Estuvo bien la fiesta hollywodense de River en el Monumental. Al fin y al cabo fue un regalo para los hinchas la presentación de los refuerzos. Fueron siete, aunque cuatro (Driussi, Martínez Quarta, Montiel y Enzo Pérez) vivieron un déjà vu de banda roja y sólo Matías Rojas, el chileno Tapia y Galoppo accedieron a su primer contacto con el fervor riverplatense.
Número más, billete menos, River invirtió cerca de 22 millones de dólares que se suman a los casi 20 del mercado de junio. La tesorería no tiembla. El superávit, dicen, superó los 60 millones y a mediados de año ingresarán cerca de 30 por participar en el Mundial de Clubes cuyo campeón llegaría a los 100. Y además está la bolsa por la Libertadores, en la que los de Núñez cedieron el estadio para la final.
En resumen, que aunque las cifras invertidas parezcan obscenas en la economía deprimida del país, en un fútbol pobre, el foco puede ubicarse en otra parte.

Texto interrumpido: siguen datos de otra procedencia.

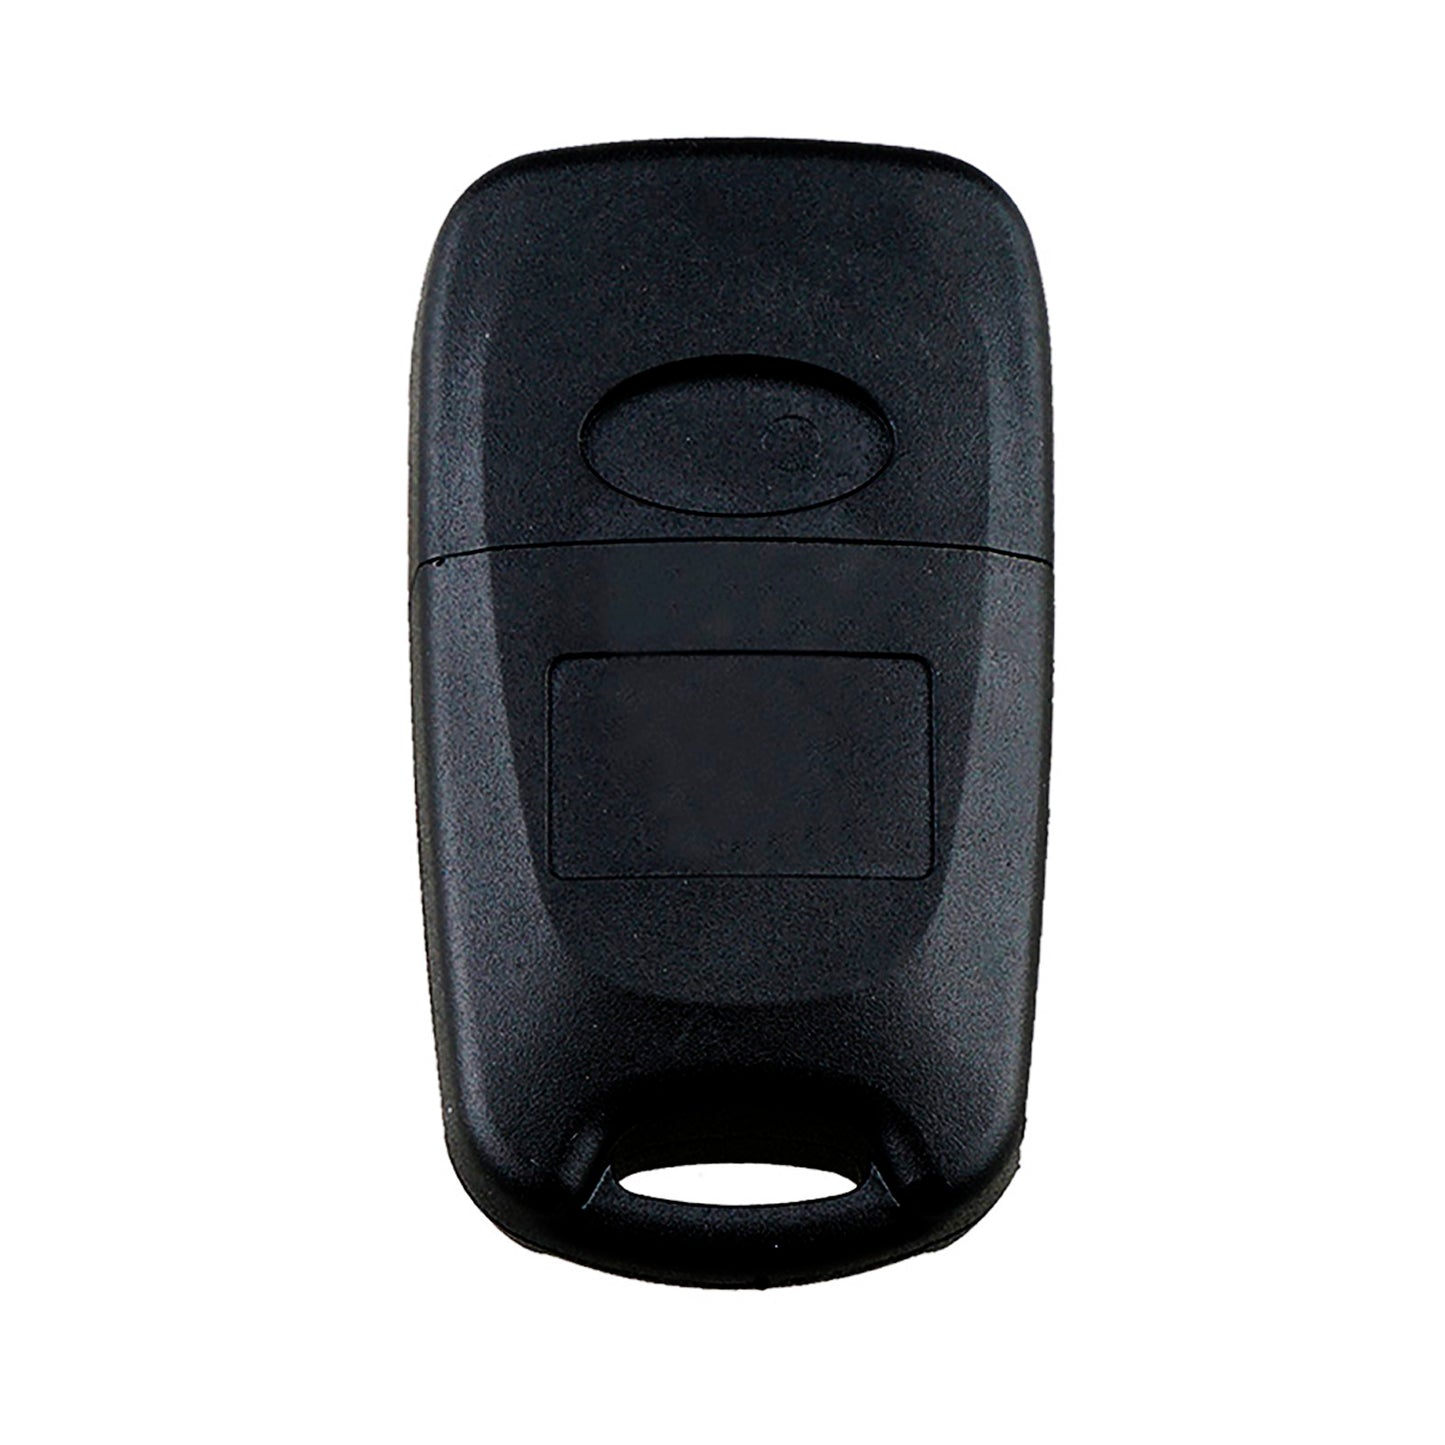 3 Buttons 315MHz Keyless Entry Fob Remote Car Key For 2010 - 2012 Kia Soul FCC ID: NY0SEKSAM11ATX(AM11MY) SKU : J903

Obviedad: se juega para competir. Y se compite para ganar. El problema surge cuando ganar se convierte en una obsesión. ¿Qué pasará si River (o Boca, que está en espejo con su eterno rival) no se llevan la lLbertadores 2025? Se verá como un fracaso aunque se logre ser campeón de la Liga local.

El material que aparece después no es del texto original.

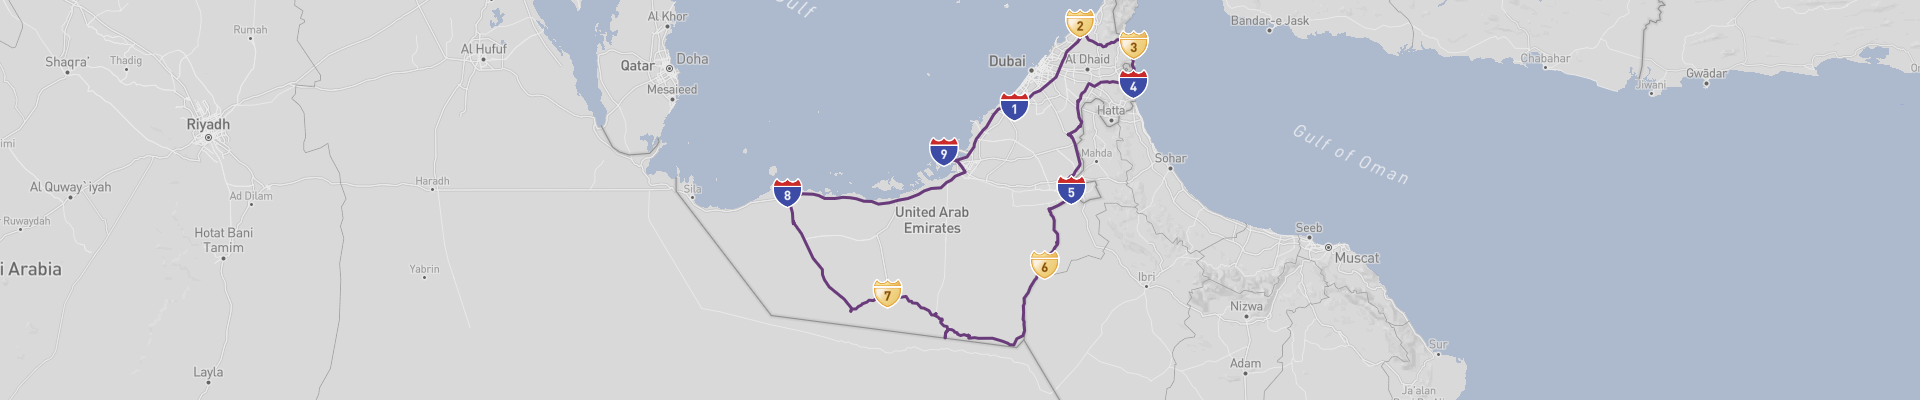 Itinéraire Émirats arabes unis

Es decir, River se puso la vara alta. Corresponde. Es grande. Pero se huele, antes de que la pelota empiece a rodar que si no hay éxito deportivo todo rozará la tragedia.

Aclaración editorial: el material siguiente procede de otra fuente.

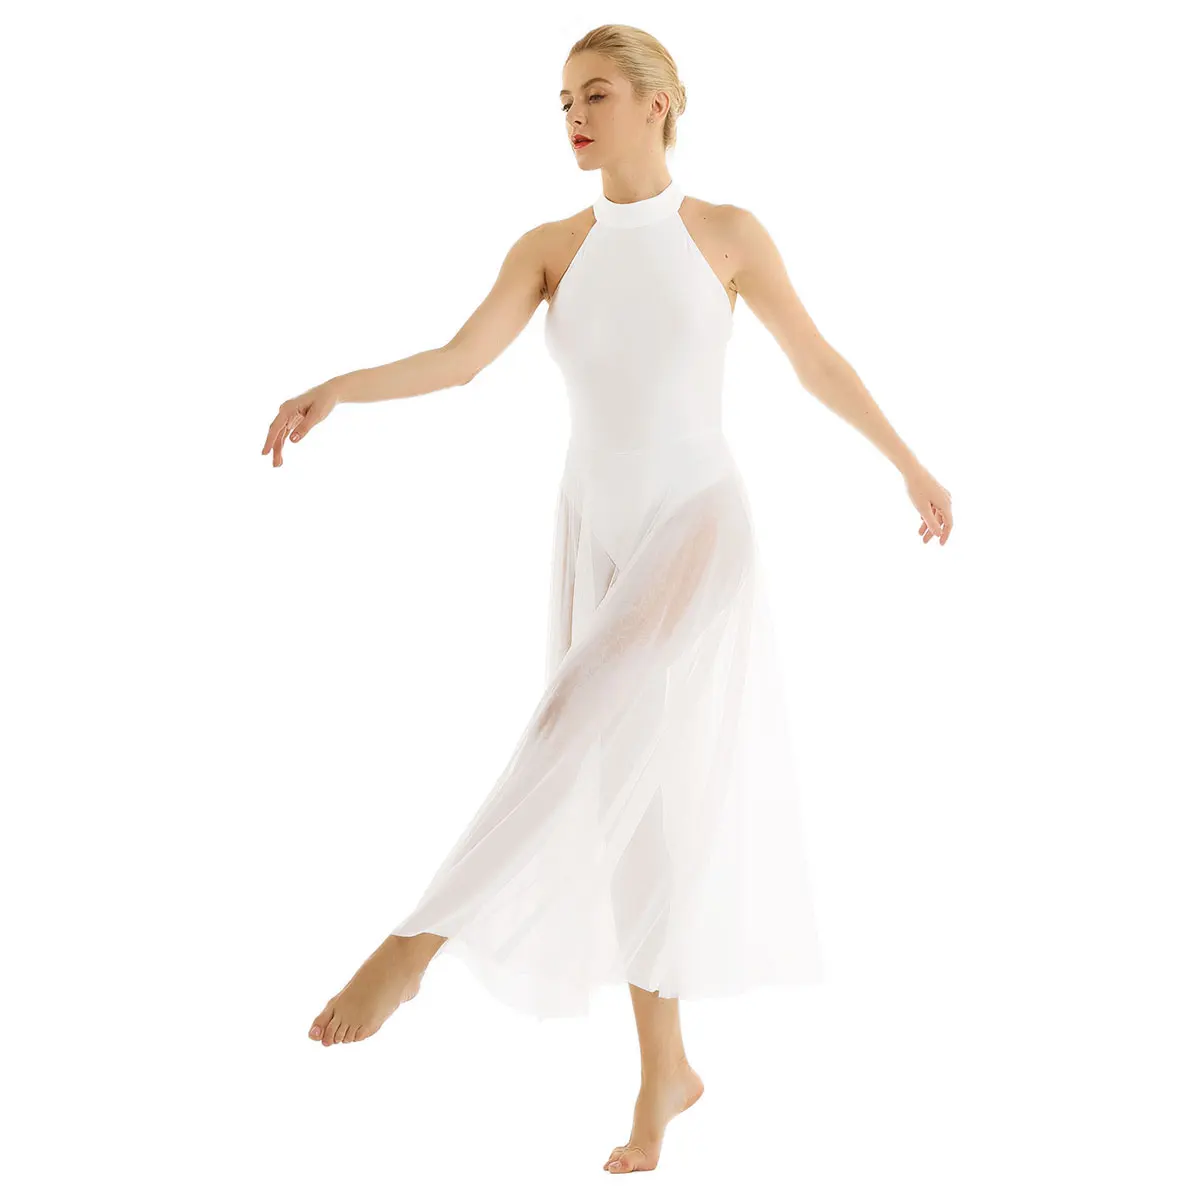 Женское взрослое балетное танцевальное платье, современное трико, балетное боди с сетчатой юбкой, балетное трико с имитацией шеи для женщин

No la tiene fácil Marcelo Gallardo. Volvió y expone sus laureles. Un valiente. Le trajeron casi todo lo que pidió. Y ahora tiene que armar un equipo. ¿Que compita o que gane todo? No alcanzará con “ganar algo”.
Dirigentes, jugadores y cuerpo técnico no se cansan de hablar de “la obsesión”. River (como Boca) se impuso la obligación de ser campeón de “algo grande». No sea que el collar lujoso que presentó anoche sea la soga del ahorcado. Ah… y campeón siempre hay uno solo.